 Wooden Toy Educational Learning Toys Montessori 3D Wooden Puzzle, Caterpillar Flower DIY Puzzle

* * *

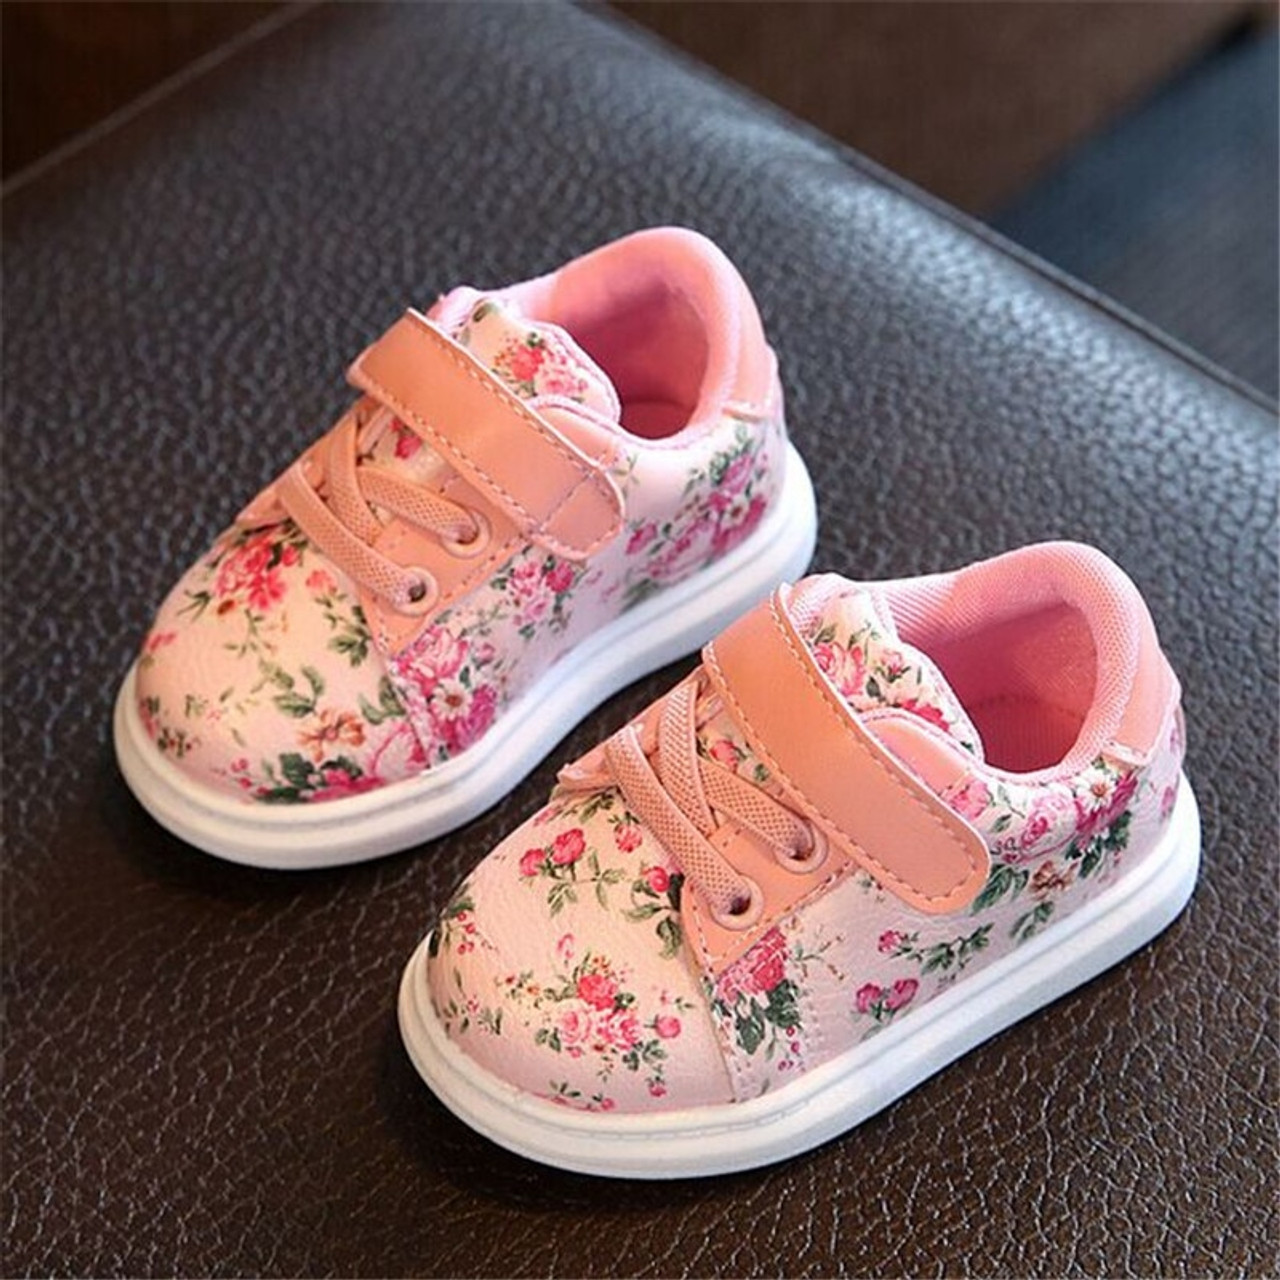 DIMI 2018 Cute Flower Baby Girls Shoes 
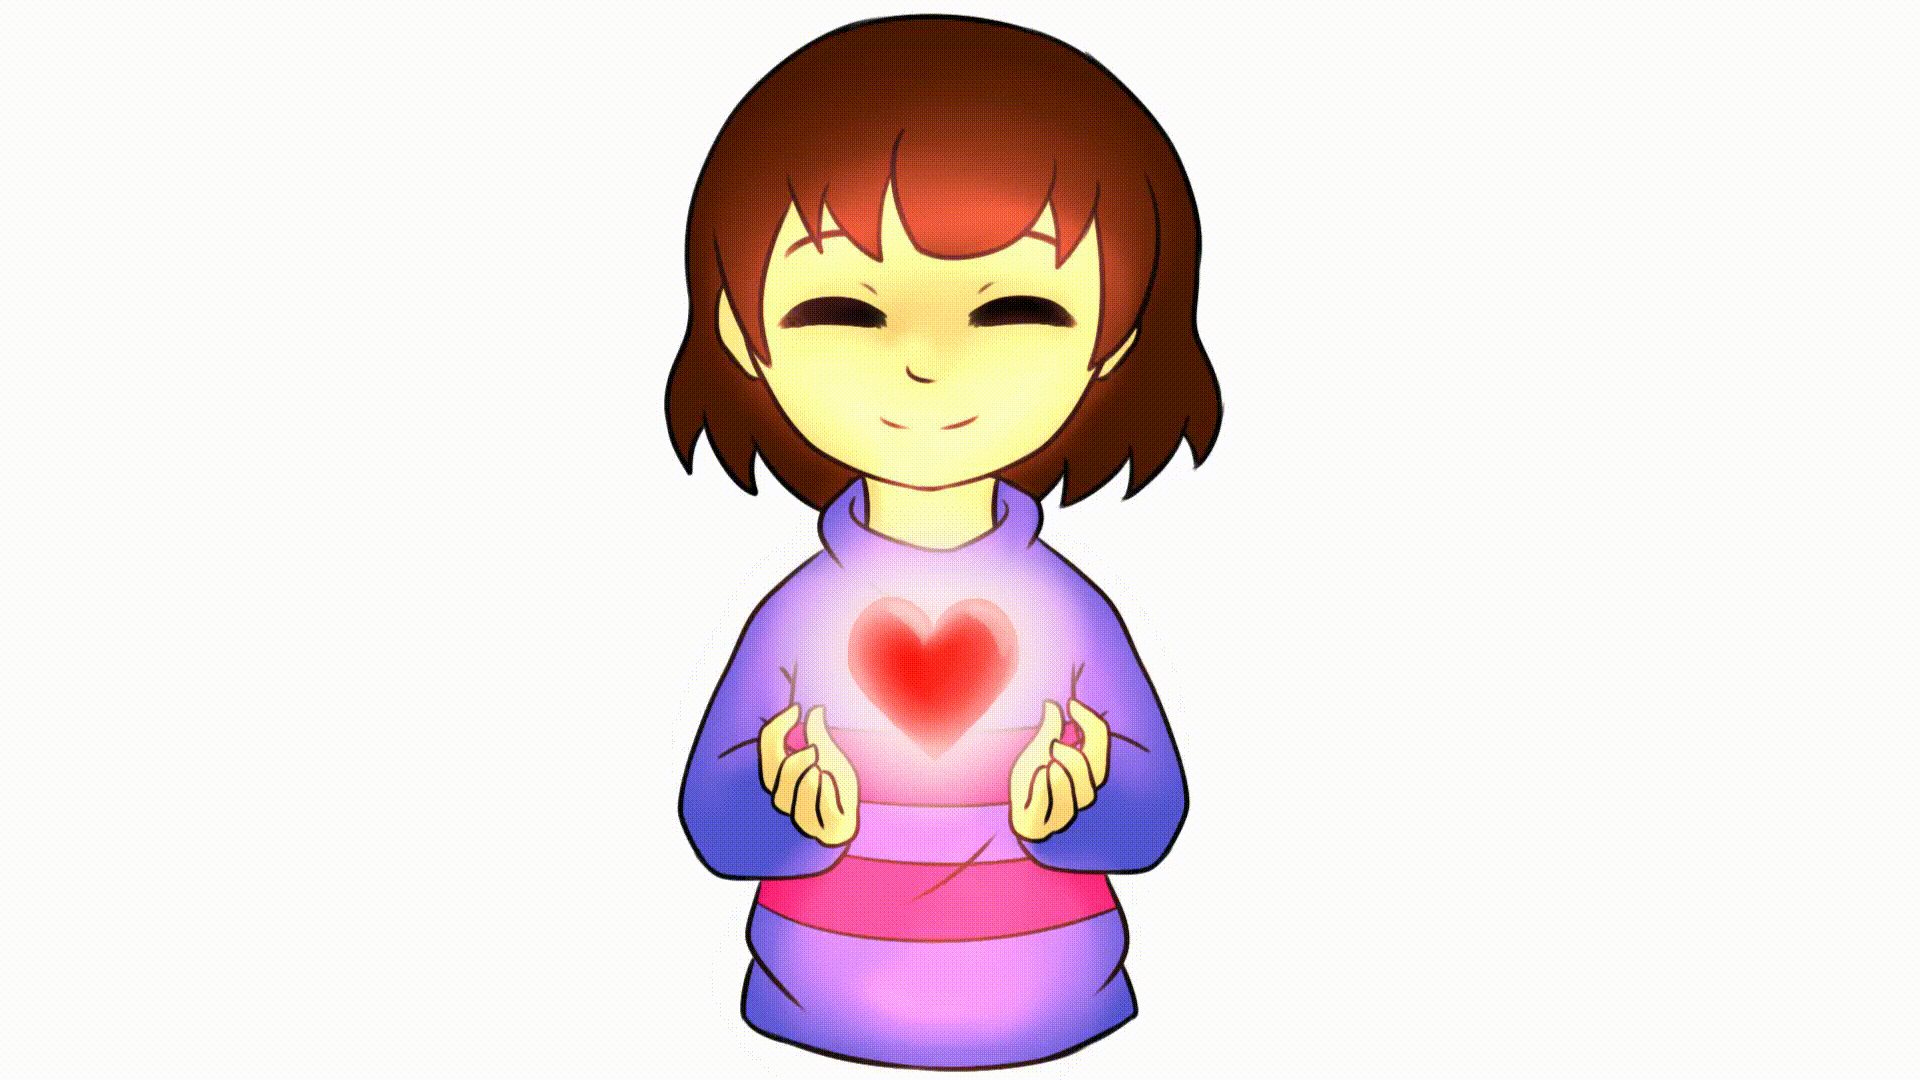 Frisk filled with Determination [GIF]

### Task instructions
Skipping the pictures, print the lines in the listing above exactly as written, starting at the line with "DIMI 2018 Cute Flower Baby Girls Shoes" and ending at the line with "Frisk filled with Determination [GIF]", both included.

### Result of this task
 DIMI 2018 Cute Flower Baby Girls Shoes 
 Frisk filled with Determination [GIF]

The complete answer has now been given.